My end to ISP fustration: openvpn with a VPS

My end to ISP fustration: openvpn with a VPS

geoffrey mendelson geoffreymendelson at gmail.com
Sat Feb 6 23:04:57 IST 2010


On Feb 6, 2010, at 10:24 PM, Gadi Cohen wrote:
> Some more on this for those interested... it looks like NV just have  
> some special rules that go into effect during times of peak  
> traffic.  My speeds and email are fine most of the time, but in the  
> evenings this weekend suddenly my slightly less regular mail ports  
> (587, imap ssl on 993) are blocked again and certain intl bandwidth  
> is down to 6k/sec.  During such times, I can tunnel through the VPN,  
> access my email and download at normal speeds again.



I think it's far less sinister than that.
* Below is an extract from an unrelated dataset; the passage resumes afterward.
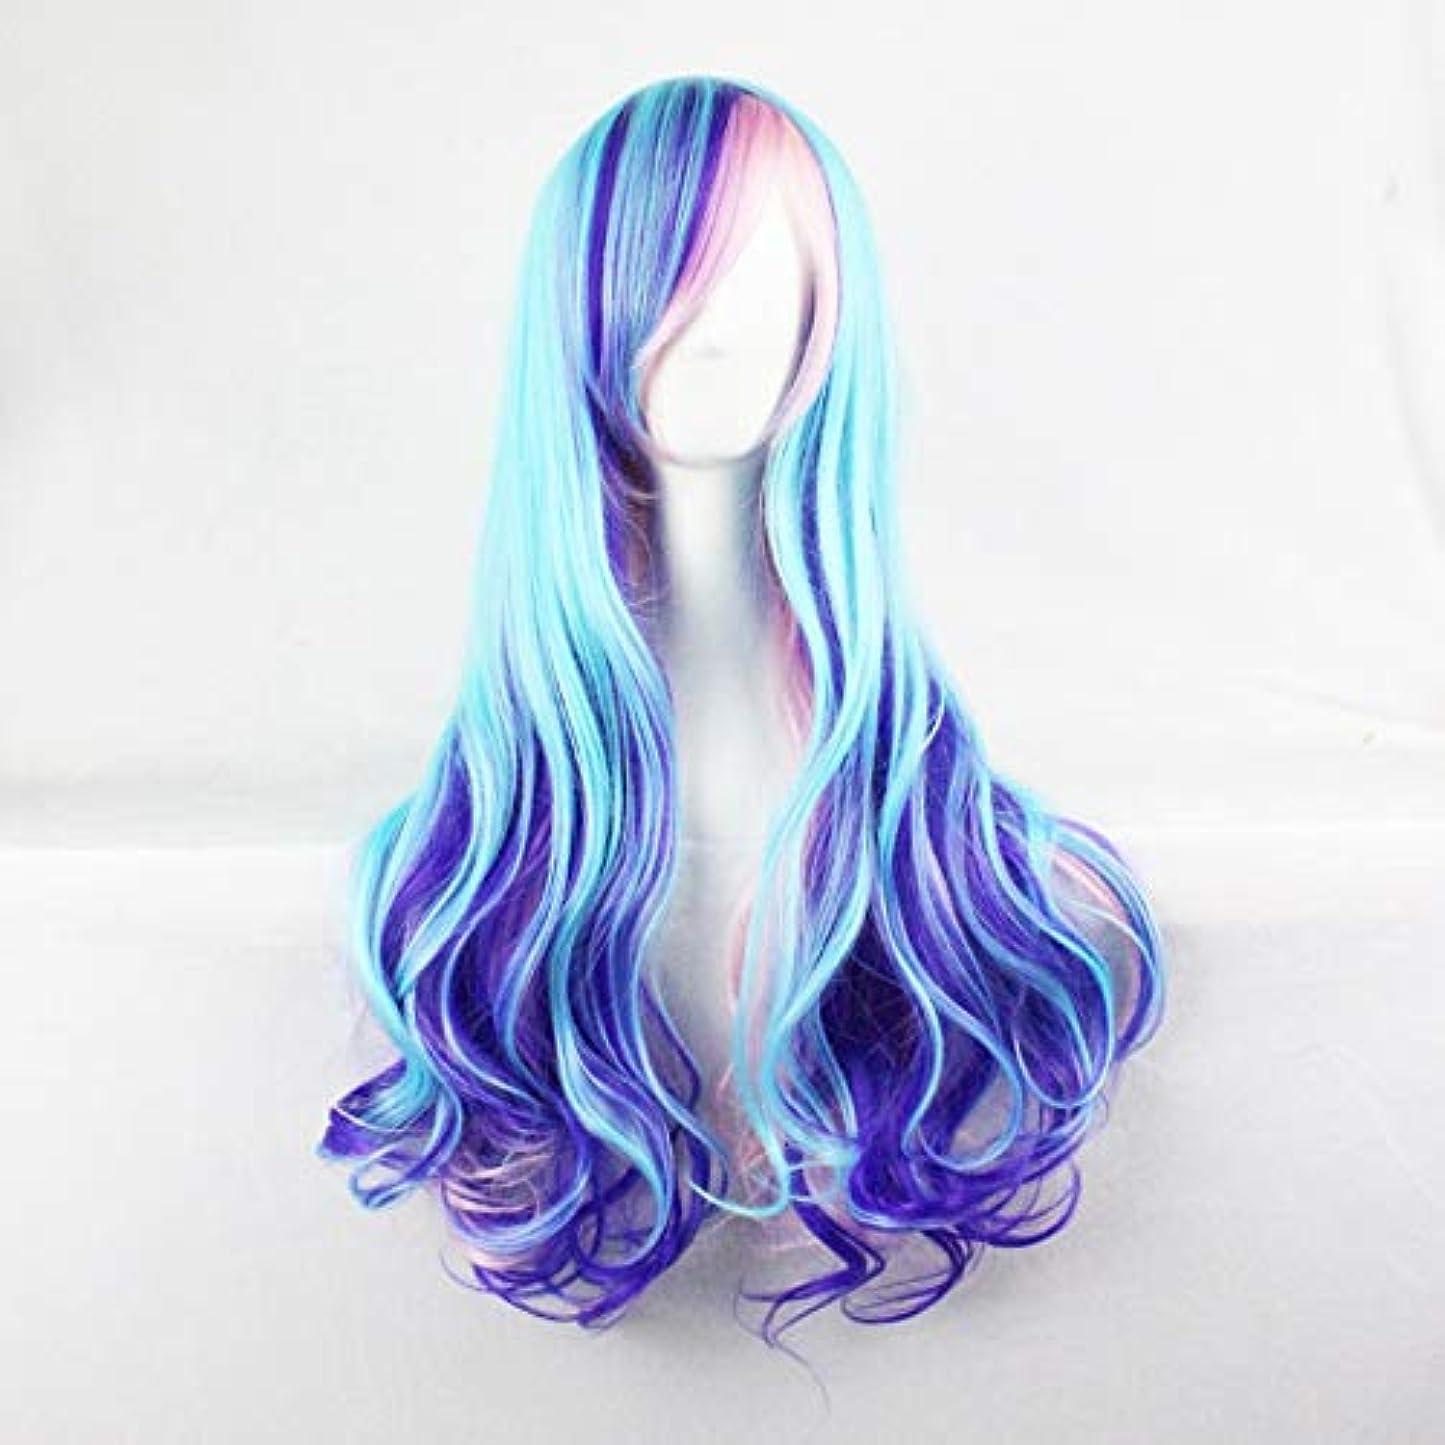 荒れ地証明十分かつらキャップでかつらファンシードレスカールかつら女性用高品質合成毛髪コスプレ高密度かつら女性&女の子ブルー、ピンク、パープル (Color : 青)

While every ISP does traffic  
shaping, they also oversell their bandwidth. No matter how good your  
QOS routing is, you are not going to get good performance with less  
than 100 byte long compessed header SIP packets, when the lines are at  
99% capacity with 1400 byte P2P or video packets.
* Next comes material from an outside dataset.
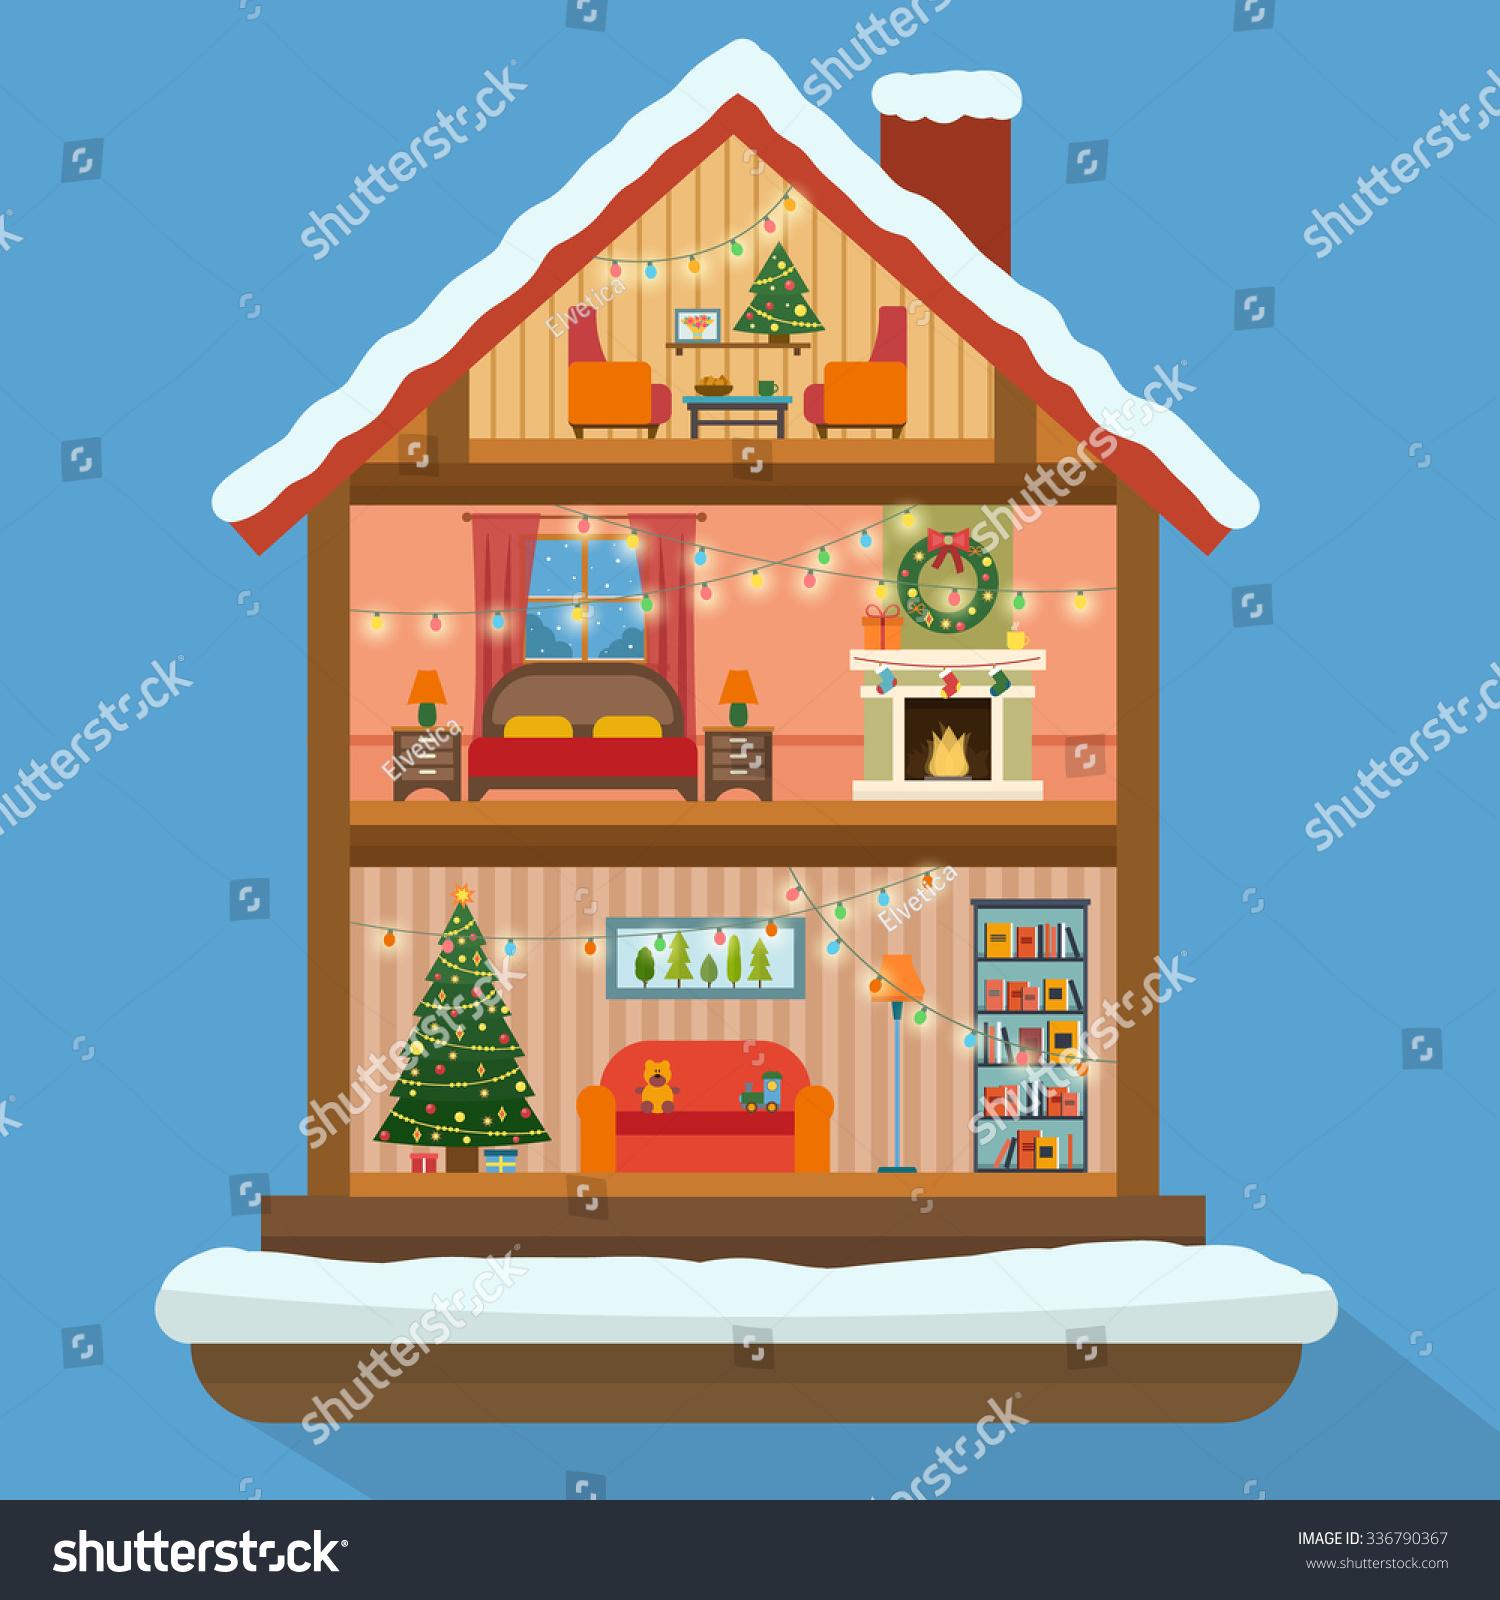 Christmas house cut snow house interior stock vector for Christmas house music

Since voice and video protocols are usually UDP based, they don't even  
get out of the starting gate as it were. The packets expire in the  
queue and although many arrive, the application discards them.

There is also a feature of DNS which uses UDP packets up to 2048  
bytes. It's part of the EDNS support and can not be globally turned  
off. The best you can do is to set the maximum sent and received  
packet size to 512 bytes, which is the fallover size when the larger  
packets fail. I have read pages after pages of comments about it by  
people supporting bind, and if your router/firewall can't support UDP  
packets of 2k, then it's your router's fault.
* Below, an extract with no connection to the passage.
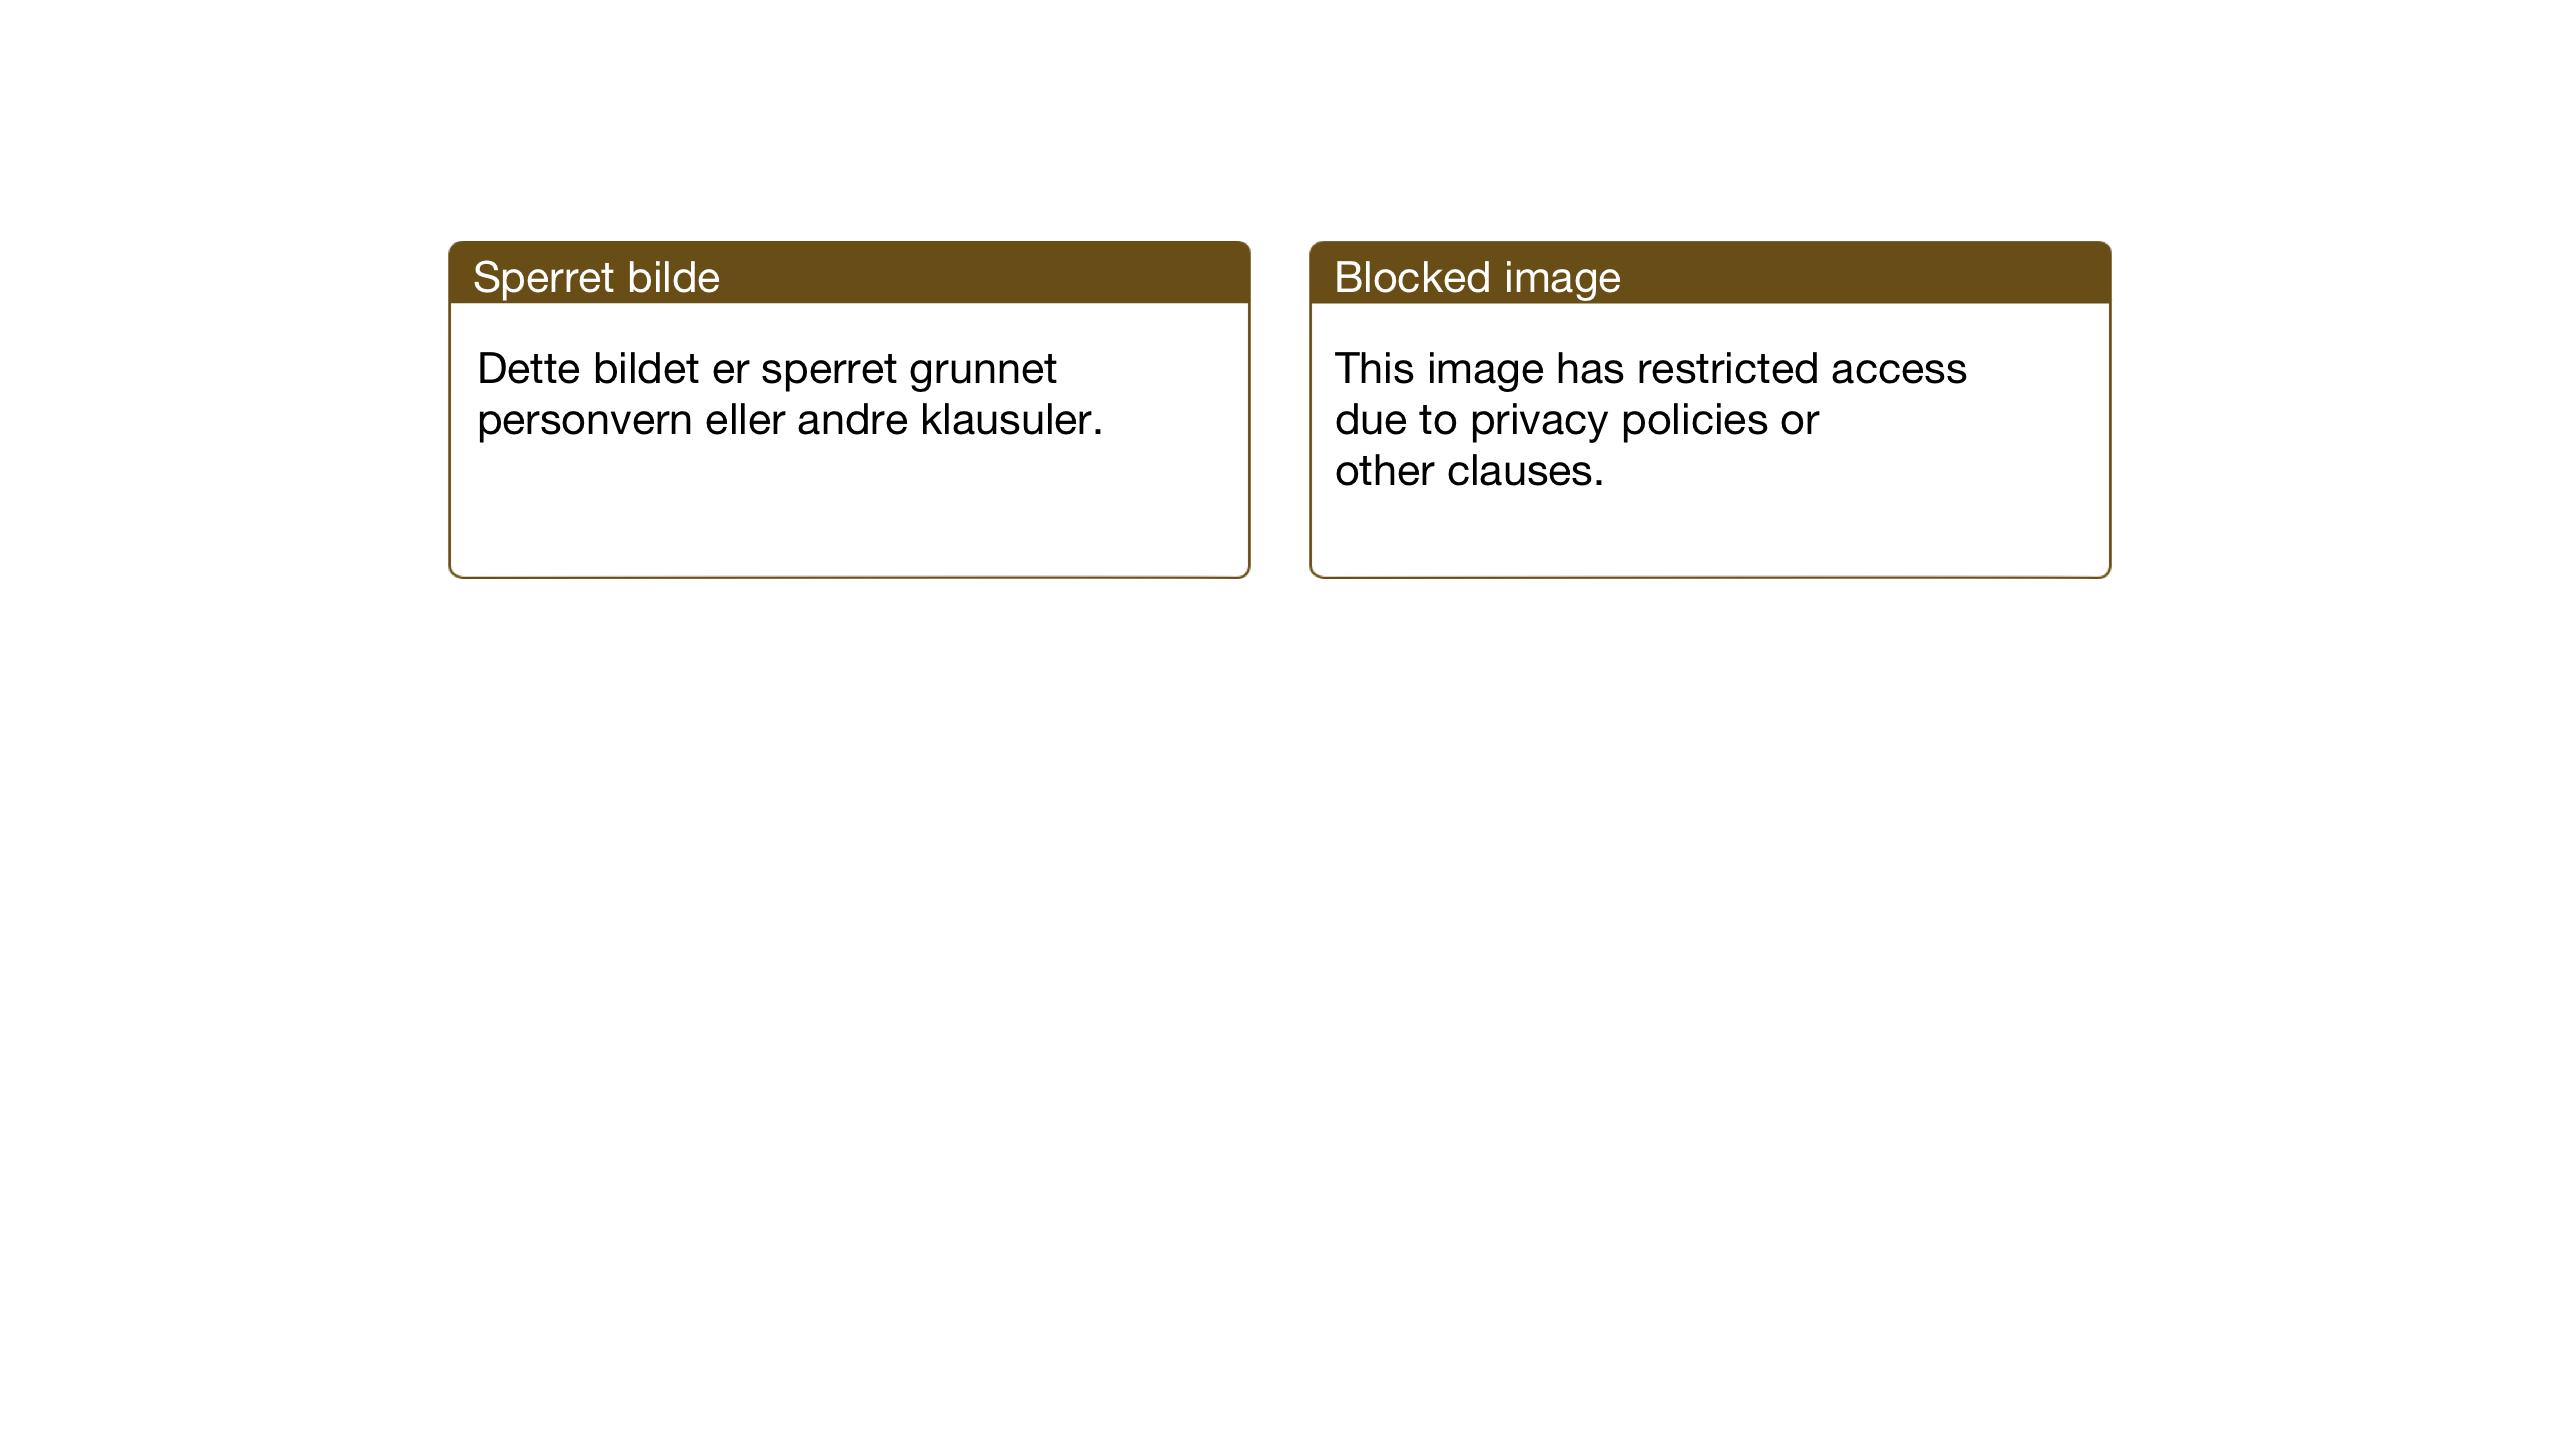 SAT, Ministerialprotokoller, klokkerbøker og fødselsregistre - Nord-Trøndelag, 741/L0403: Ministerialbok nr. 741C04, 1925-1944, s. 26

Well yes it is, my router has an mtu of around 1452  bytes, and no I  
can't change it. If your application breaks because every router in  
the country can't support UDP packets that big, at least fix the  
application enough to let globally turn off the option.

The same with DNS security, many users have reported that it  
quadruples DNS query time. Not a problem until your queries take 3 to  
4 seconds without it. Rare, but it happens to international ones  
during peak load.

I do have a mea culpa about that, I recently switched to google DNS,  
which most of the time is great, but if the lines are clogged, the  
lines are clogged,

As for netvision blocking ports, they started that a year ago. I  
complained, and since I have a commercial account, I was told they did  
not block any ports, and since then they have not. Up unitl a month  
ago I used a ssh tunnel to send and receive email to my provider, but  
have since gone back to using 587 and sasl pop3.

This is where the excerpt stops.